#### TASK DIRECTIONS
Starting at the line containing "#foamii #selfecarebatth #bathbombdust" and ending at the line containing "[Pre-owned] COMME des", transcribe the listing below exactly. Keep both end lines, skip the pictures, and copy nothing else.

#### INPUT FOR THIS TASK
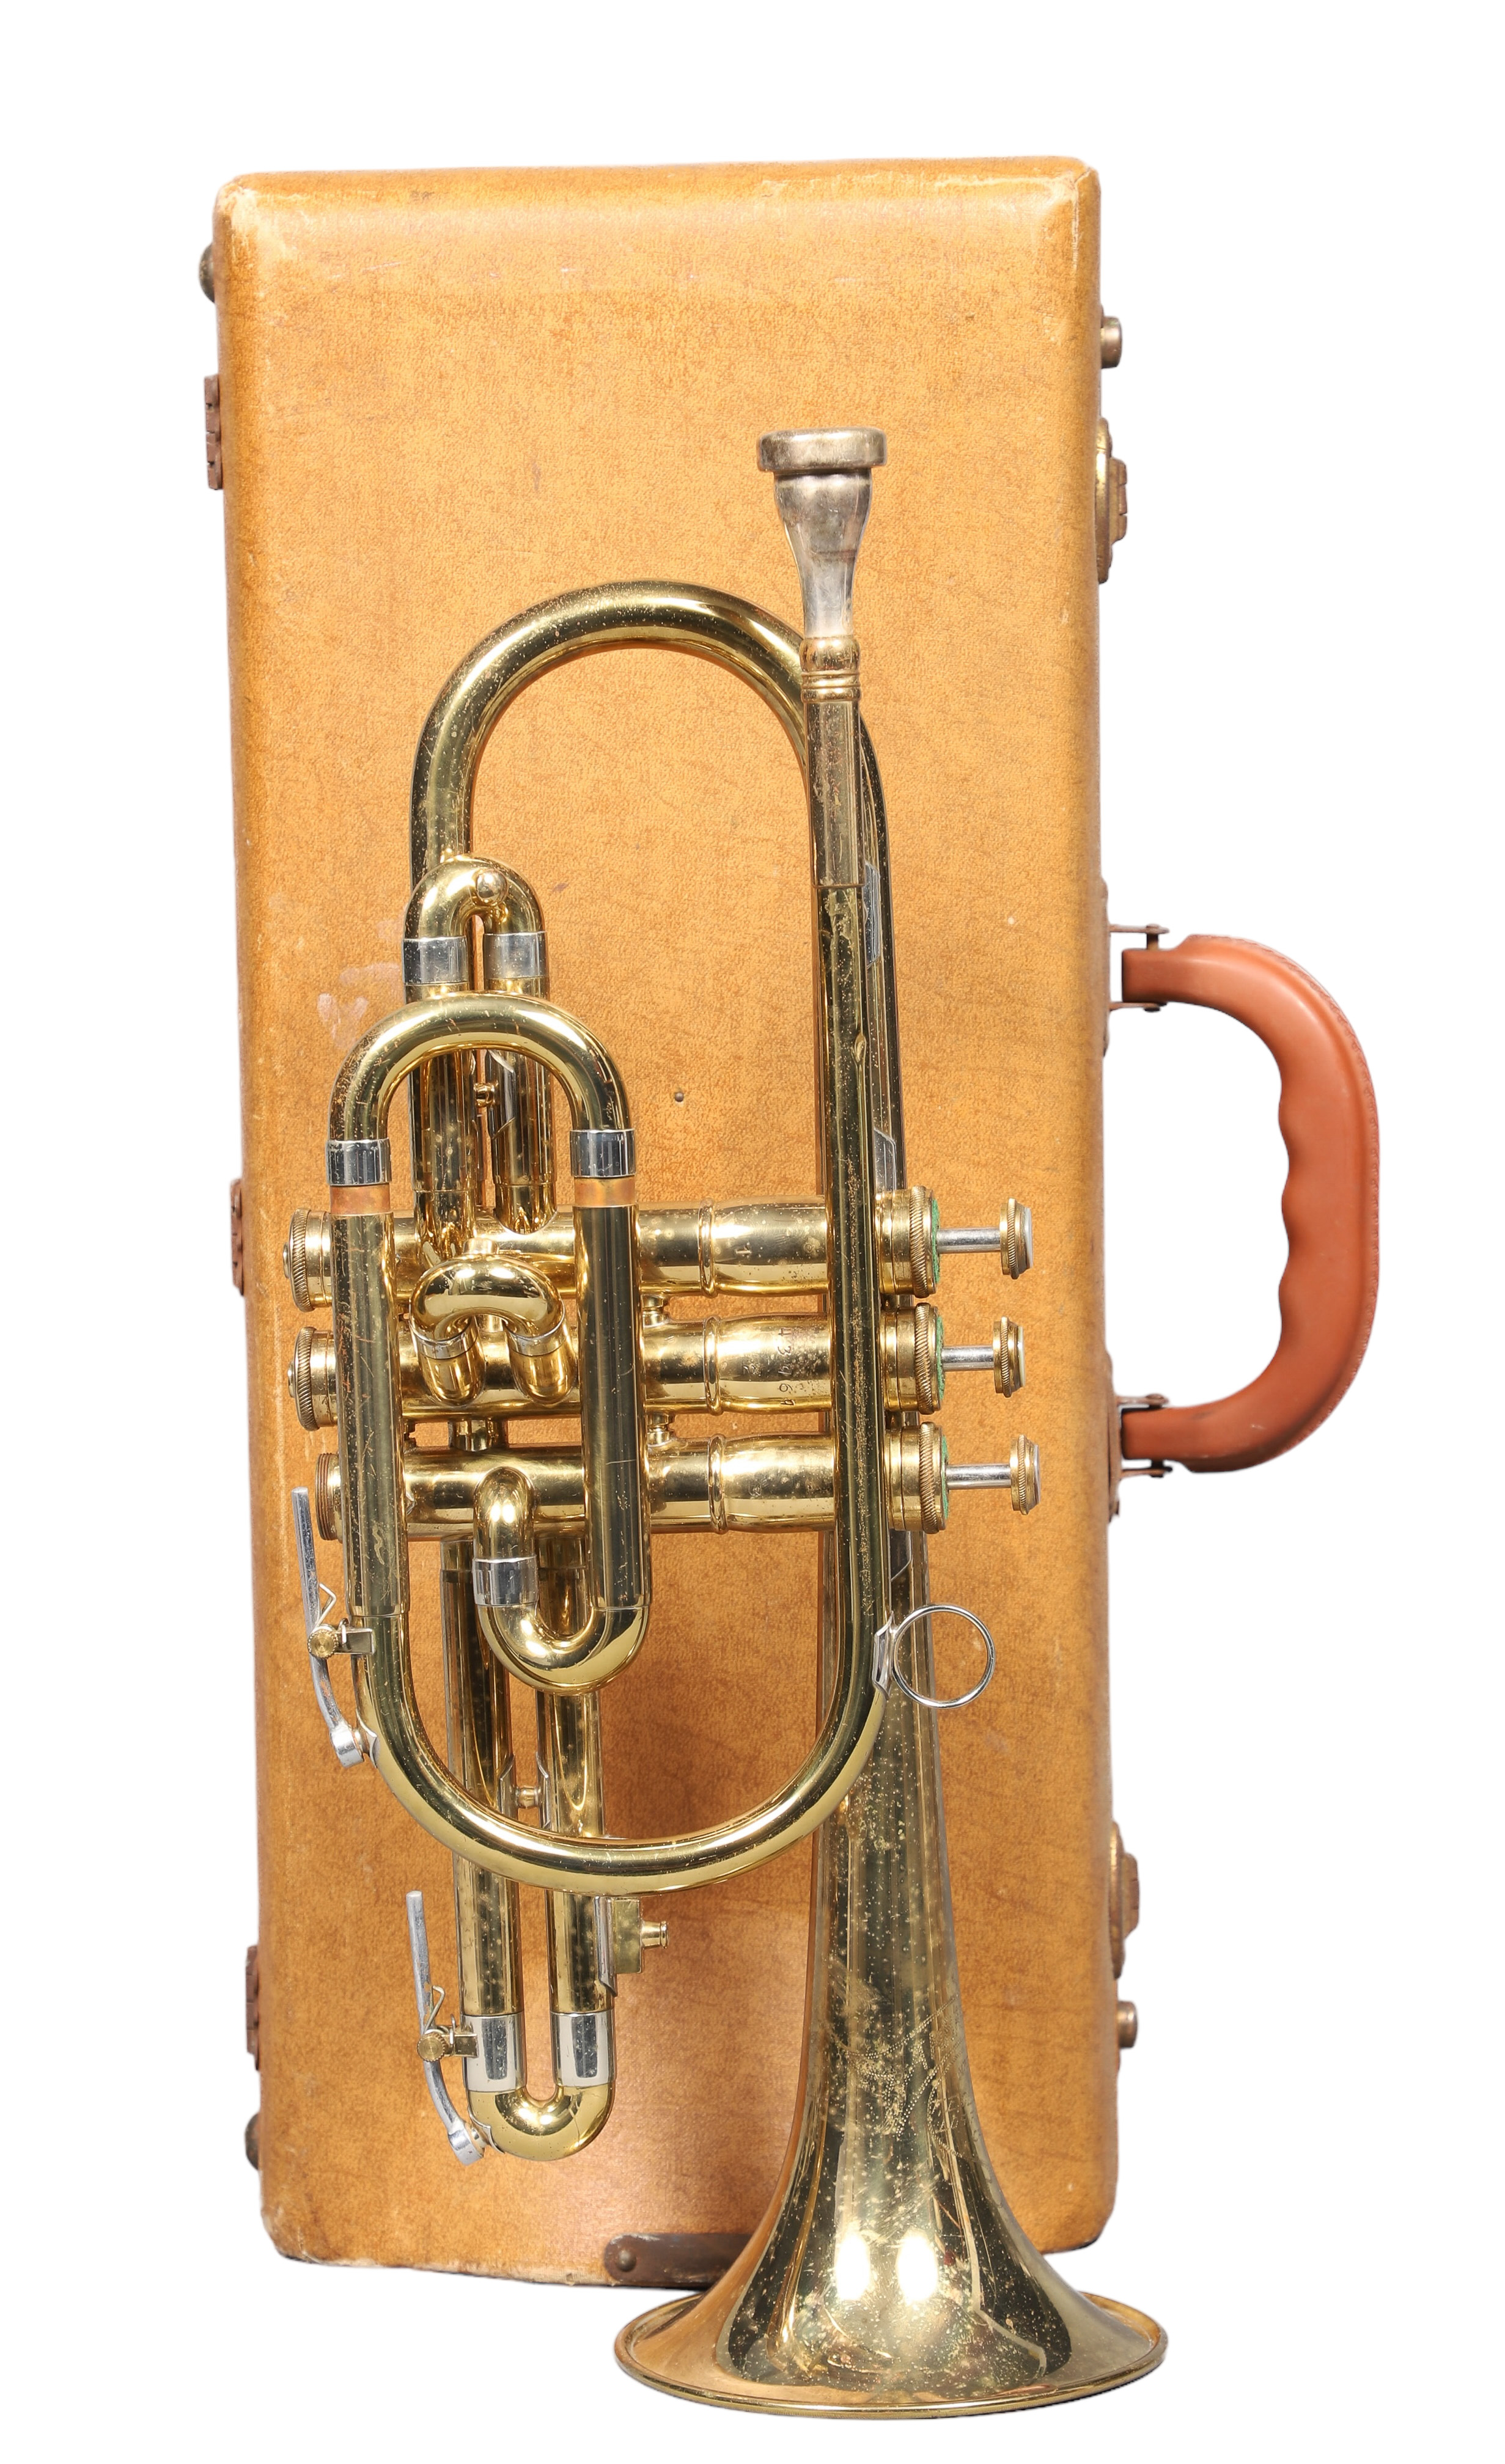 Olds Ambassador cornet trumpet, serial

* * *

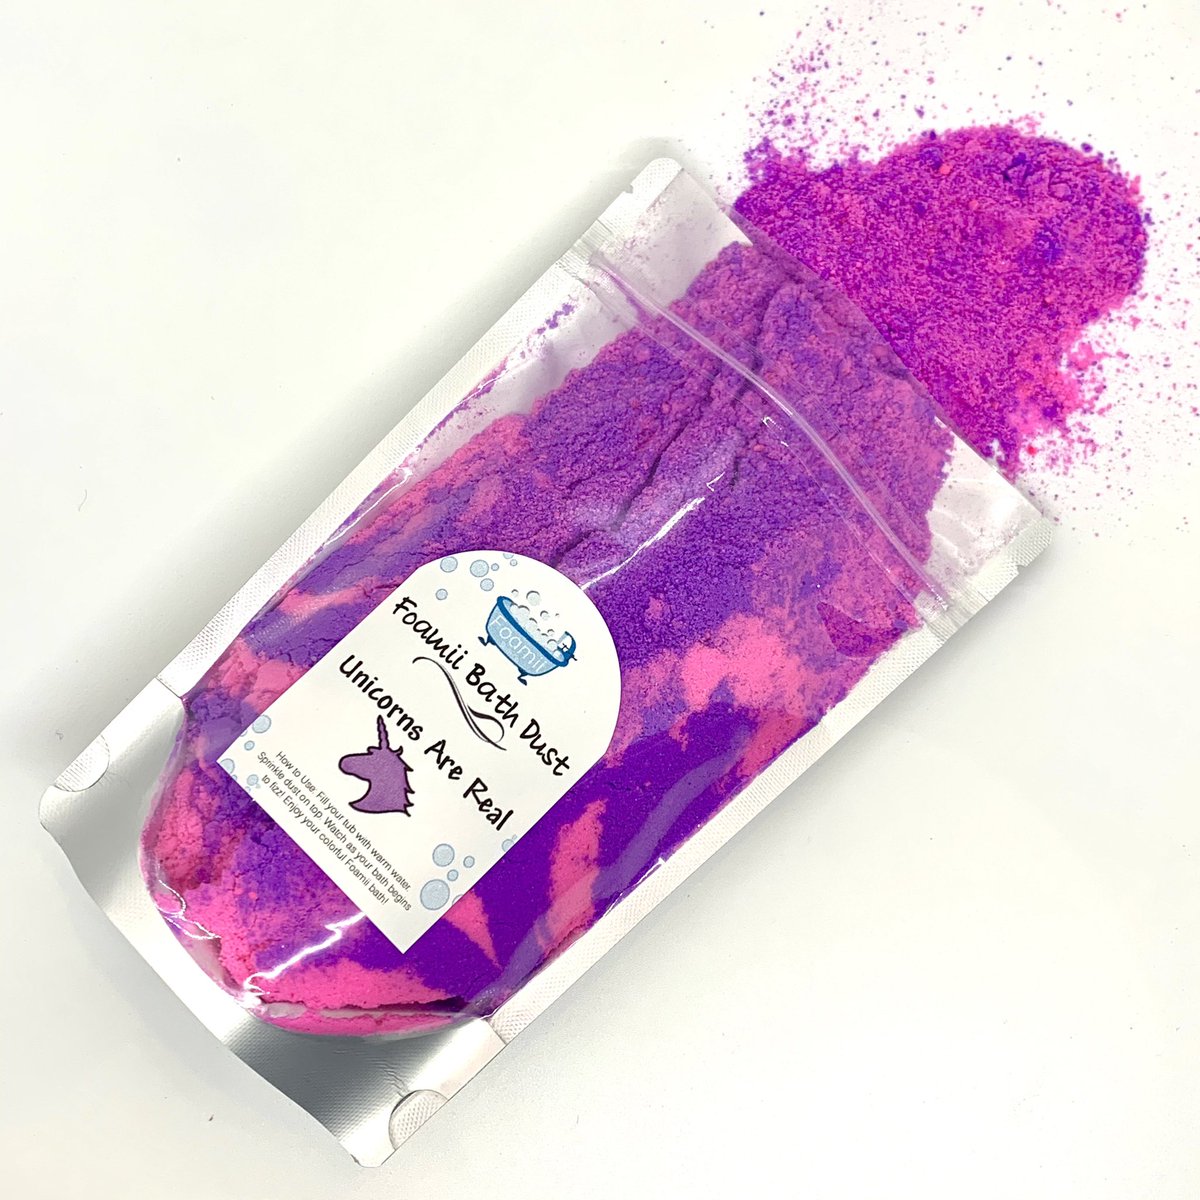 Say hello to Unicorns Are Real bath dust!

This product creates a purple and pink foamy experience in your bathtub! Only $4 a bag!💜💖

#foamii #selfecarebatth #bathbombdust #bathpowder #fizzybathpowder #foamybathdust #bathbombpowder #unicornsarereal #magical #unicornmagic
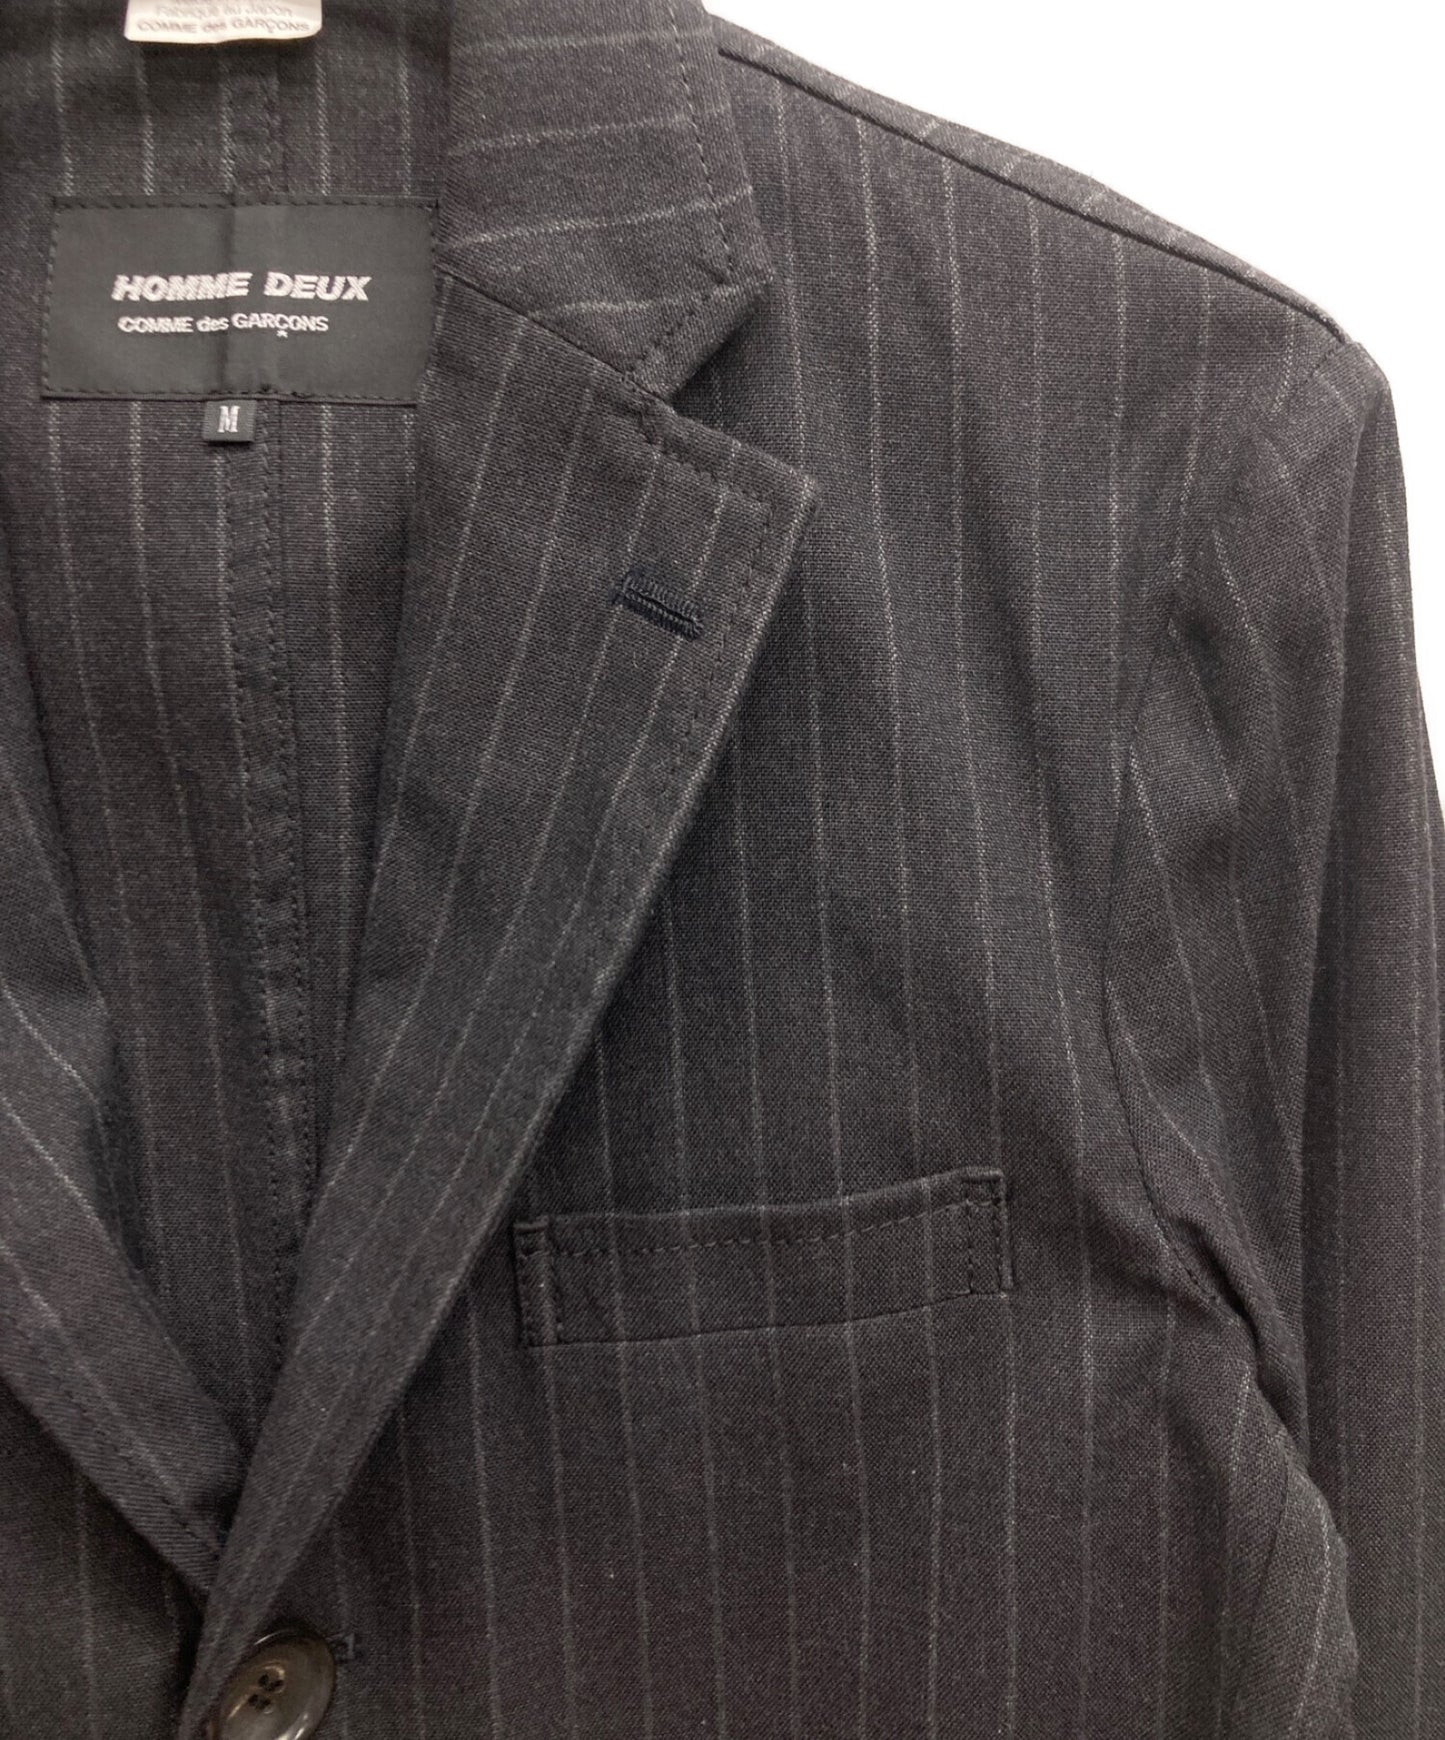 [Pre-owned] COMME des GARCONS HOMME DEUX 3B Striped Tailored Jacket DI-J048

#### TASK OUTPUT
#foamii #selfecarebatth #bathbombdust #bathpowder #fizzybathpowder #foamybathdust #bathbombpowder #unicornsarereal #magical #unicornmagic
 [Pre-owned] COMME des GARCONS HOMME DEUX 3B Striped Tailored Jacket DI-J048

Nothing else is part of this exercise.